Our son developed typically until around the time he turned 2 years old. We heard words...we saw him play with other kids...we watched as he played with his toys appropriately...we made eye contact with him...overall we understood his wants and needs. In a matter of a few months, that was all taken away from him. He began lining up toys, lost all of his words and signs except for one word "ball", ignored other kids, could not sleep through the night, lost eye contact and the ability to follow directions, and he had no way of letting us know what he wanted or how he felt. It was heartbreaking to see something happening to our child that we couldn't stop!

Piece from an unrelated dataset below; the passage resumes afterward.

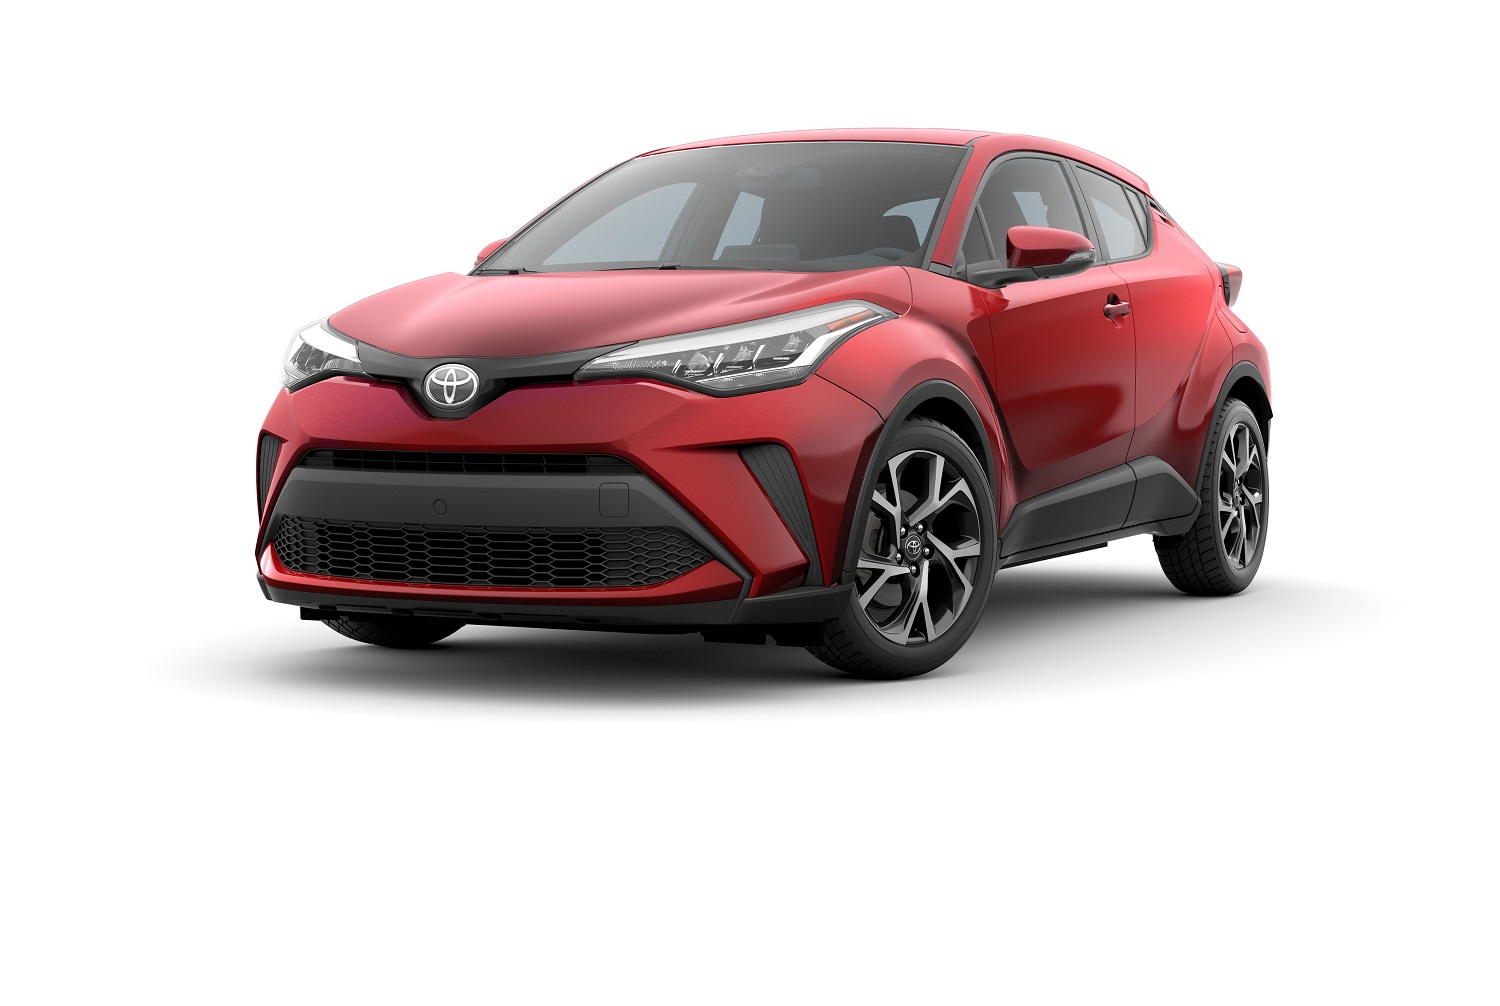 2020 toyota c hr crossover gets standard android auto compatibility chr 03

Brycen began receiving home therapy 1-2 times per month for about 6 months before we realized it wasn't just developmental delays. We knew it was Autism...we just didn't want to say it outloud to anyone. He was officially diagnosed with Autism (classic form and regressive), as well as Mental Retardation in August 2009 by the University of Iowa Hospitals and Clinics.

We continue to learn as we make our way through this journey with Brycen and we will continue to share this journey with you on this blog! The blog has been a great therapy for us to be able to vent our frustrations and struggles with accepting that we have a child with special needs, while sharing how blessed we are to have a child teach us what life truly means. It has also been a great way to inform others of his progress and changes over the last couple of years.

Thank you for your support of Brycen and our family! We hope you are able to learn something through this blog no matter if you are a parent of a child with special needs or a neurotypical child, a teacher or therapist, a family member, or just someone that is interested in the journey that a family goes on as they learn their child is battling a life-long disorder.